When the order of the capacitor values is arranged, the microcomputer 40 determines the angle (eg, 0 °, 60 °, 120 °, 180 °, 240 °, 300 °) at which the capacitor value of each terminal becomes the maximum according to the predetermined order. Find the same angle of the two-terminal capacitor value (eg 30 °, 90 °, 150 °, 210 °, 270 °, 330 °).

When the same angle with respect to the capacitor value of the two terminals is found, the microcomputer 40 discards the capacitor value of the highest value and the capacitor value of the lowest value and discards the remaining four values (for example, 0 ° and 300 °). Example: Set the measurement interval by comparing the capacitor values of 60 °, 120 °, 180 °, and 240 °).

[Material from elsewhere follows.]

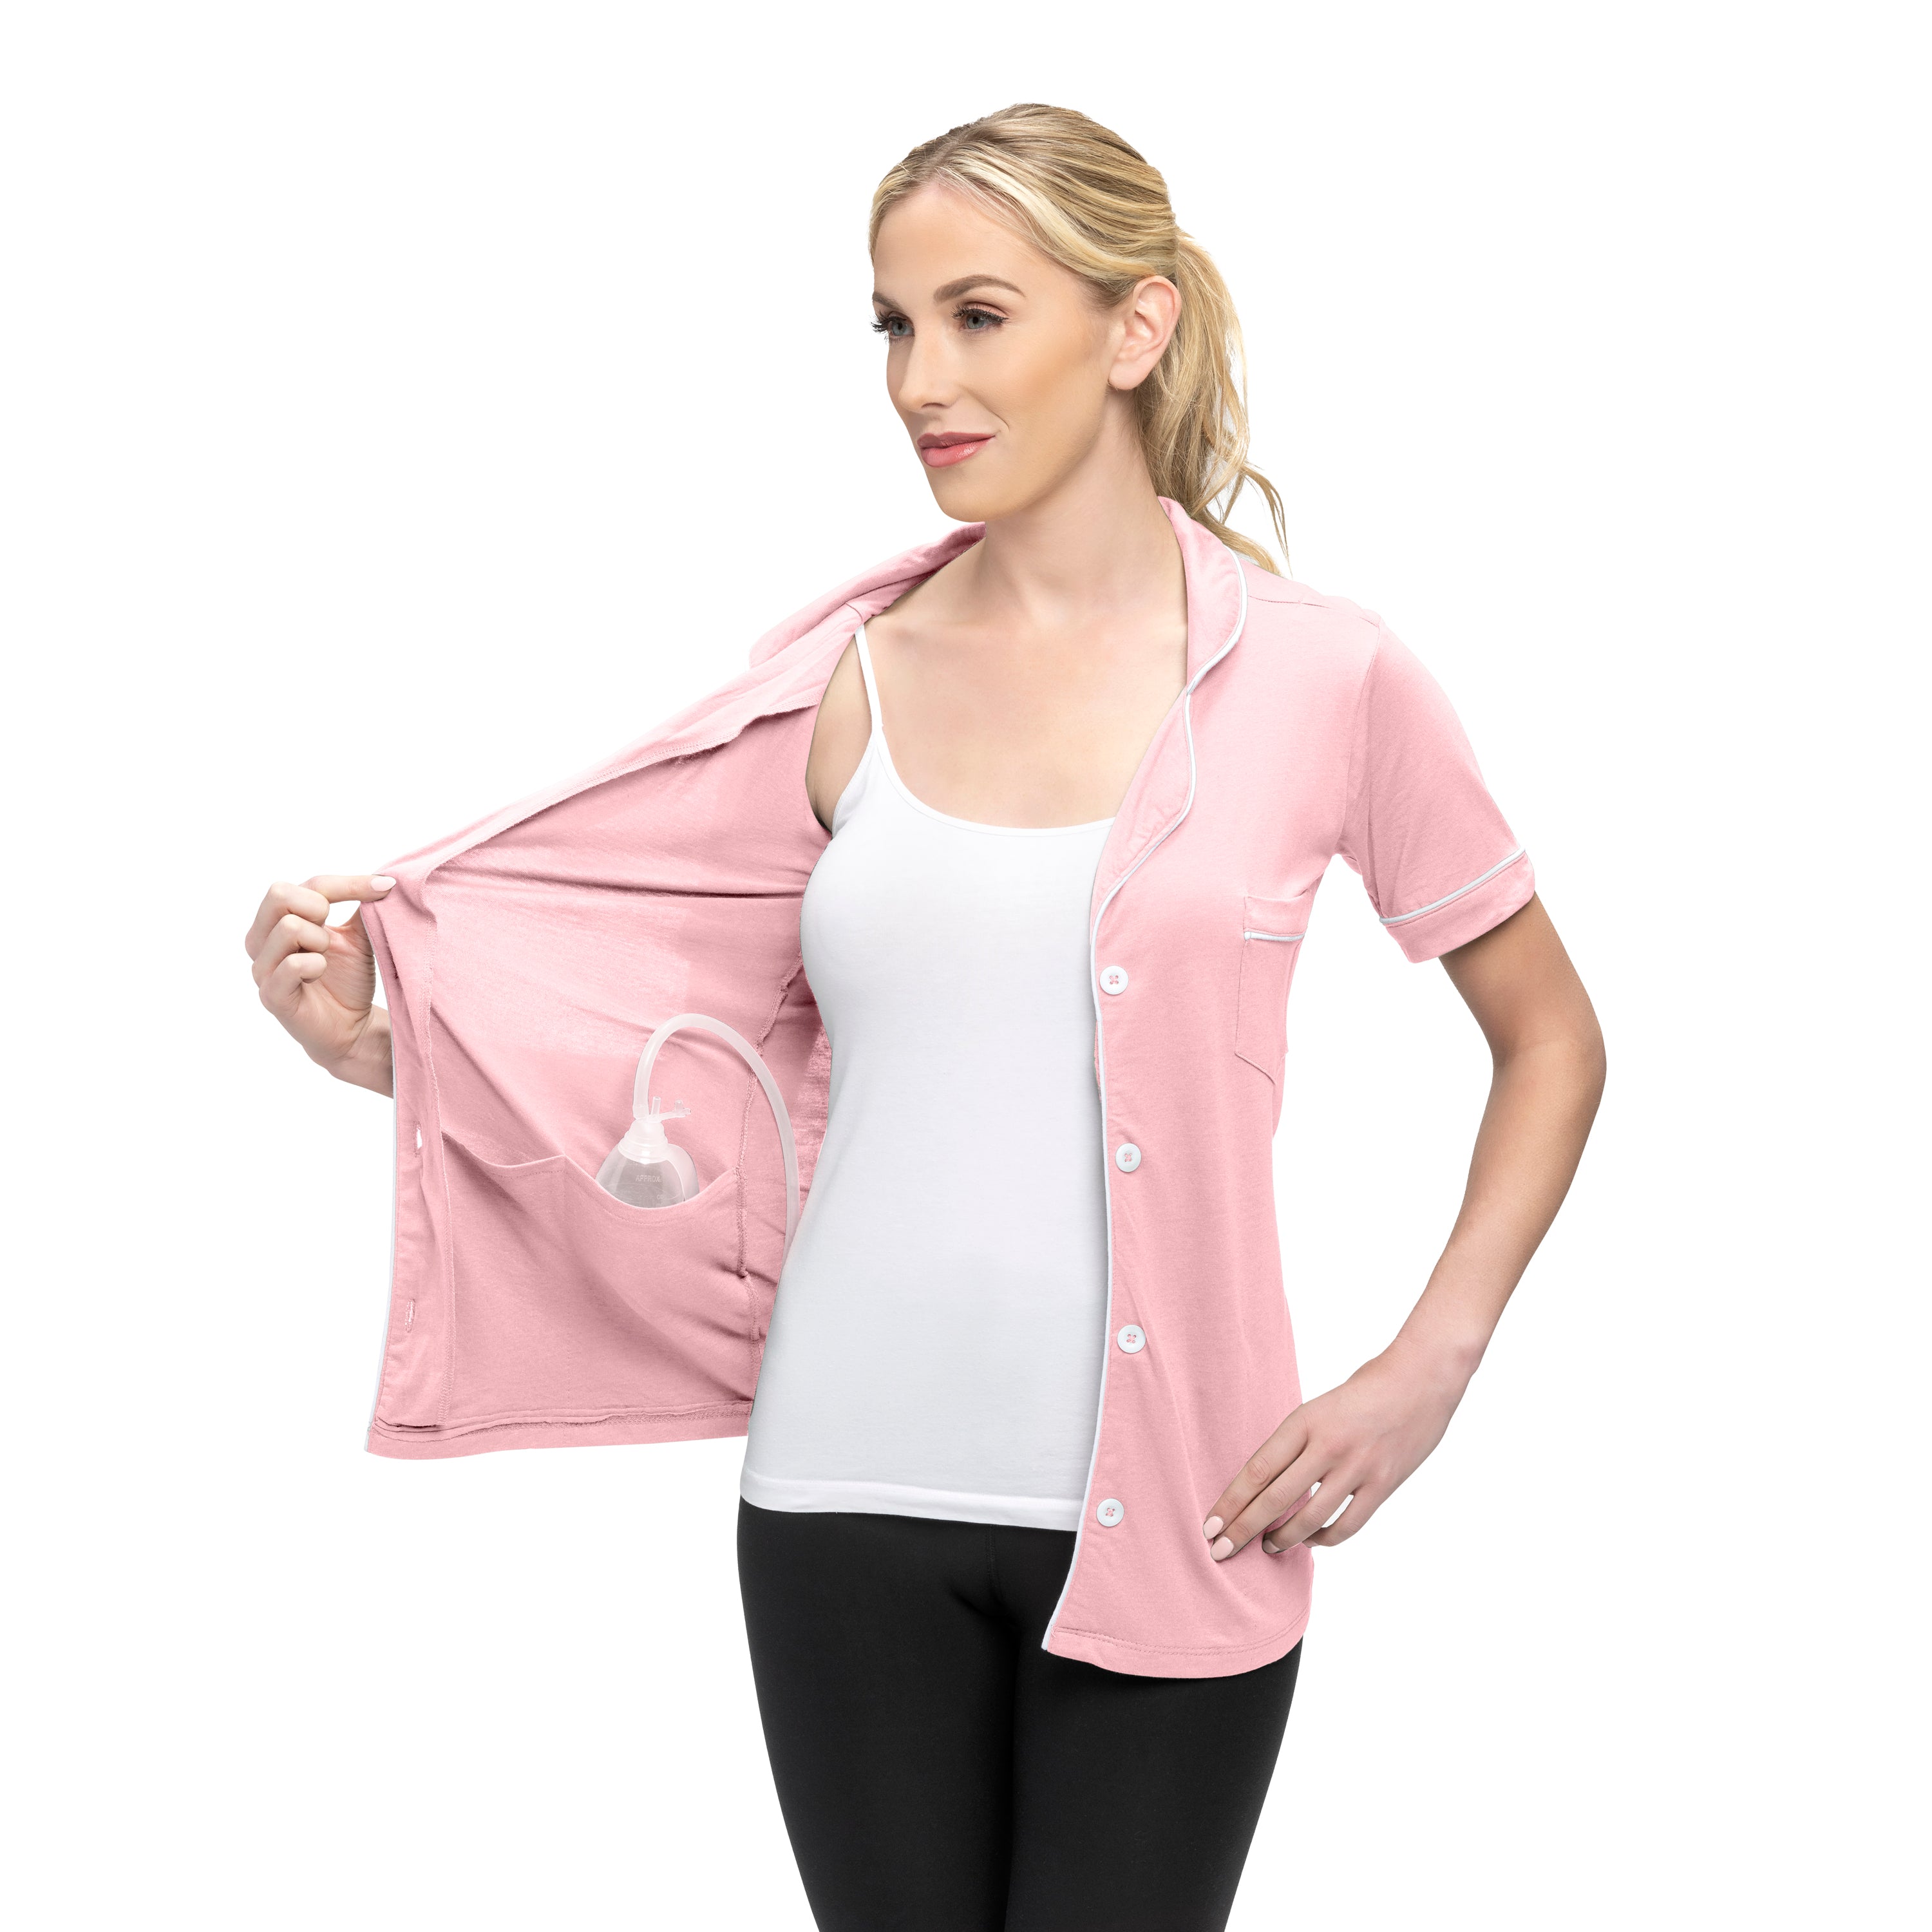 Mastectomy Recovery Hoodie with Surgical Drain Pockets Lightweight

When the measurement section is set, the microcomputer 40 calculates the measurement angle according to the calculation formula when the measurement section is set, and transmits it in parallel to the D / A converter 50 at the rear end as a 12-bit digital signal.

The D / A converter 50 converts a parallel digital value composed of 12 bits into an analog value within a predetermined range (for example, -5V to + 5V) and receives the voltage in a voltage form for high-speed transmission through the current drive 60. The converted signal is converted into a signal in the current form.

The signals of the roll sensors 335 and 335a which have undergone the above process are converted into a rolling value in the range of 0 ° to 360 ° to be matched with the range of -5V to + 5V, and then converted into a signal of -5mA to + 5mA. The final output from the drive 60.

As described above, the present invention uses an inclinometer built into the acoustic countermeasure system to detect and measure the degree of distortion of the acoustic countermeasure system (ACM). By detecting changes in the initial installation position due to waves, tides, etc., the acoustic countermeasure system has an effect of contributing to the effective use of defense tactics or attack tactics.

Claims (1)

In the roll value measuring method using an inclinometer, the first process of measuring the capacitor value from 0 ° to 360 ° with respect to each terminal of the inclinometer with a measuring instrument, and the capacitor value measured in the first process at any one point at each terminal A second step of arranging the order of the capacitor values of and a third step of finding an angle at which the capacitor value of each terminal is maximized by the order determined in the second step; In the fourth process of finding the same angle of the capacitor value of the two terminals when the angle is to be found, and the fifth process of discarding the capacitor value of the highest value and the lowest value of the capacitor value when the fourth process is completed, and in the fifth process A sixth step of setting a measurement section by comparing the remaining four capacitor values except the discarded two values; and calculating the measurement angle according to a calculation formula when the measurement section is set in the sixth step. Method measures the seventh process value roll (Roll) using a tilt sensor comprising a.